Zero-copy processing eliminates redundant data movement — the difference between theoretical and actual network throughput in high-frequency systems. The Stuff Nobody Talks About Okay so bare metal isn’t magic. It’s not some silver bullet. We lost things. Important things.

  • Auto-scaling: Gone. Can’t just spin up more pods. Vertical scaling only, which means planning.
  • Geographic distribution: We’re in one datacenter. Multi-region means manual setup.
  • Deployment simplicity: Instead of kubectl apply, we're writing Ansible playbooks like it's 2015.
  • Recovery automation: We had to build our own health monitoring and failover logic from scratch.

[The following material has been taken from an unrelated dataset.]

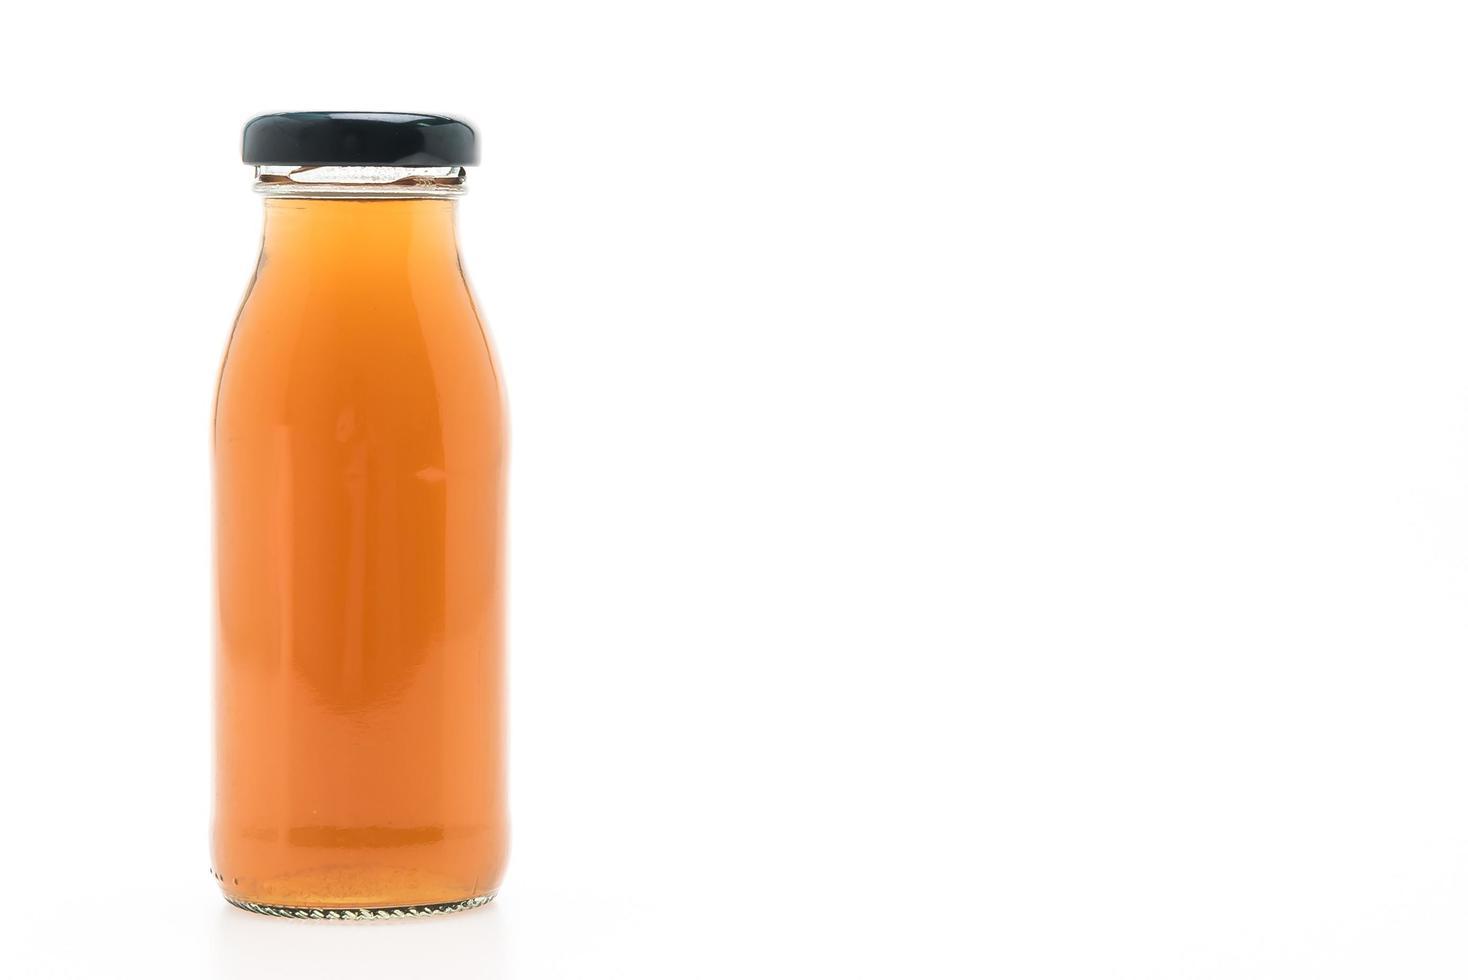 fruit en groentesap fles geïsoleerd op een witte achtergrond foto

But — and this is the crucial part — we gained predictability. On AWS, a noisy neighbor VM could spike our P99 latency by 300%. Just randomly. No warning. On bare metal? Performance variance is under 5%. For telemetry where we’re monitoring industrial sensors — things that can’t afford to miss readings — this consistency was worth every bit of operational complexity. We need sub-10ms processing for real-time alerting. A sensor monitoring oil pipeline pressure can’t wait. A temperature probe in a semiconductor fab can’t have 200ms latency spikes.

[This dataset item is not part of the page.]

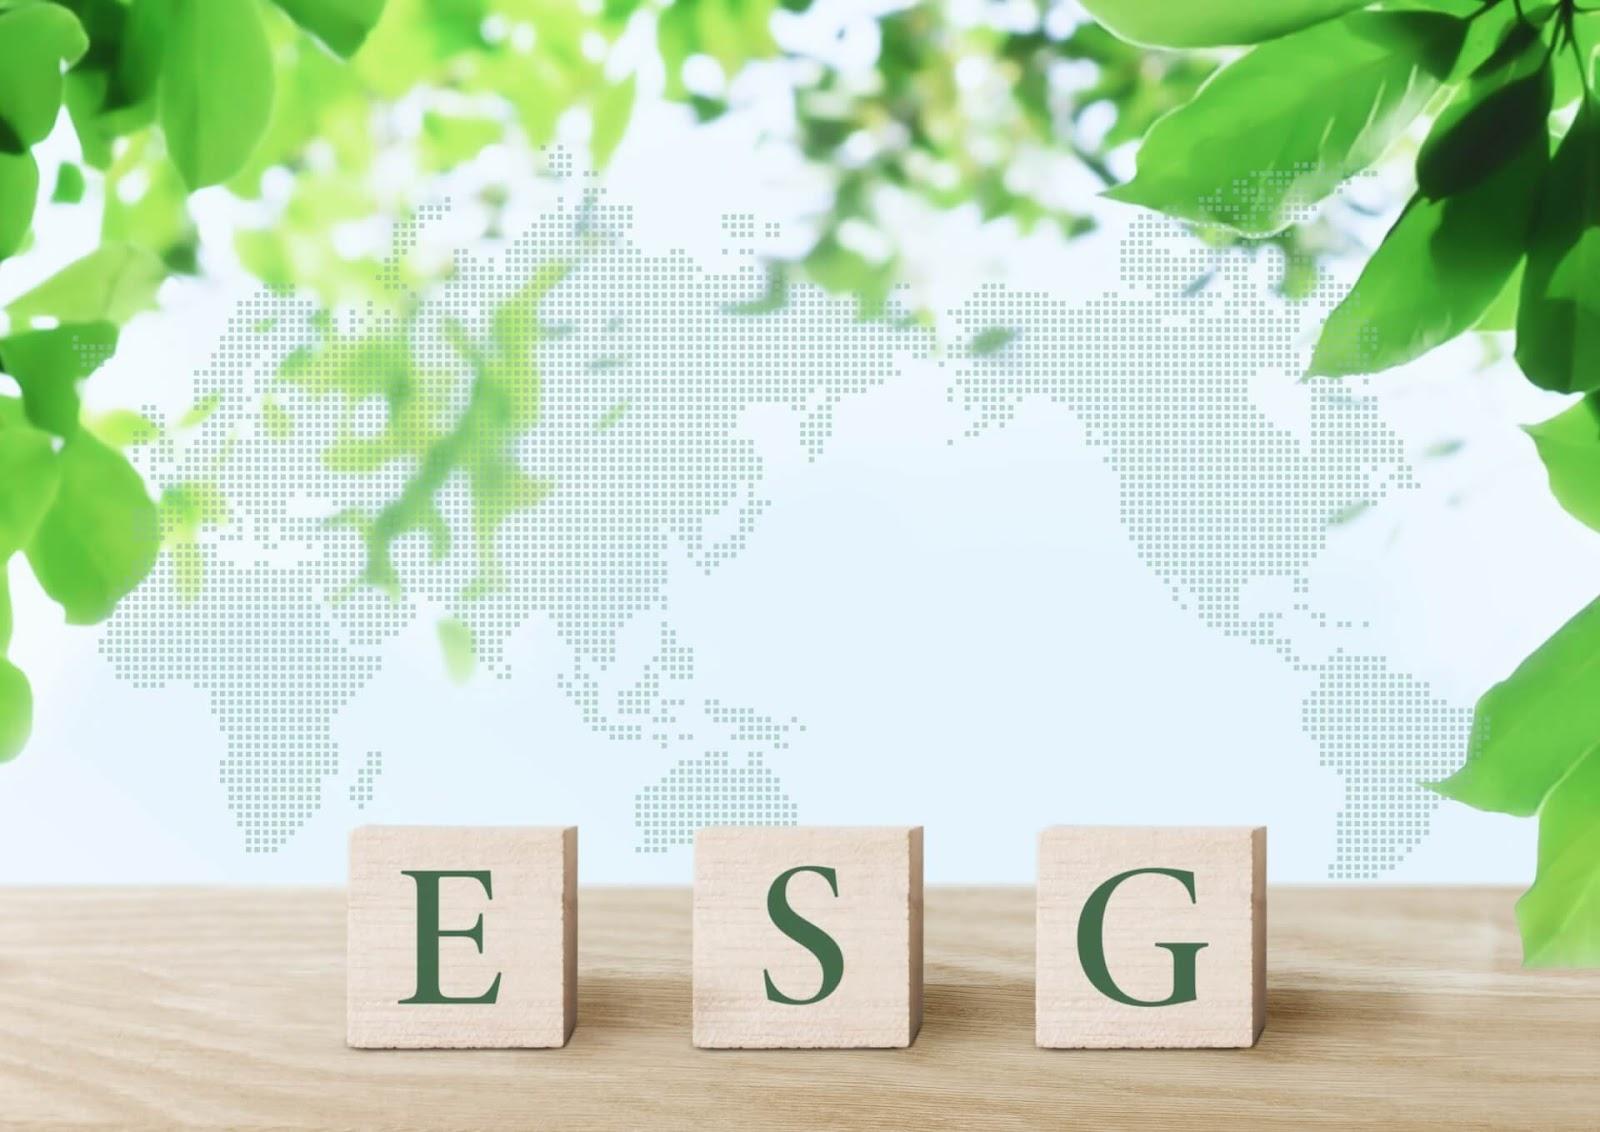 多くの企業が注目の「ESG」とは?企業投資の新しい判断基準

When Should You Actually Do This?

After nine months running this in production (and several 2am incidents that taught us valuable lessons), here’s my decision framework: Choose Bare Metal Rust When:

  • Your packet rate consistently exceeds 500K/sec
  • Packet loss must stay below 0.1% (not a nice-to-have, a must-have)
  • P99 latency requirements are single-digit milliseconds
  • You’re spending >$30K/month on cloud infrastructure for this workload
  • You can handle stateful deployments and custom failover (this is non-negotiable)
  • Your team has systems programming experience (or is willing to learn fast)

Stay With Managed Infrastructure When:

  • Throughput is bursty or unpredictable (bare metal doesn’t auto-scale well)
  • Geographic distribution is mandatory (multi-region bare metal is painful)
  • Team velocity matters more than raw performance (totally valid choice)
  • Packet loss <2% is acceptable for your use case
  • You need to scale 10x in minutes (bare metal can’t do this)
  • Operational simplicity is a business requirement (also totally valid)

The data forced us to challenge everything we believed about modern infrastructure. Sometimes — not always, but sometimes — the best optimization is stripping away the very layers we thought were helping us.

Where We Are Now

We didn’t abandon Kubernetes entirely. That would be stupid. Our API layer, data processing pipeline, dashboard — all of that still runs on managed infrastructure because it makes sense there. But for the UDP ingestion layer, that absolute performance bottleneck? Bare metal Rust was the only architecture that could deliver what we needed.

The lesson I keep coming back to: choose your abstractions deliberately. With intention. Cloud native isn’t always the answer. Sometimes it is! But sometimes — like in our case — going back to basics (Rust, bare metal, careful systems engineering) unlocks performance that managed services can never, ever provide. Our sensor network now handles 1.9 million packets per second with sub-millisecond jitter. Consistently. Reliably. We sleep better knowing those industrial sensors — monitoring oil pipeline pressures, semiconductor fab temperatures, factory equipment — are reporting accurately, without data loss. The abstraction tax is real. You just have to know when to pay it, and when to build closer to the metal. Sometimes the old ways are the best ways. Or maybe they’re just different ways, with different tradeoffs. Either way, we found what works for us.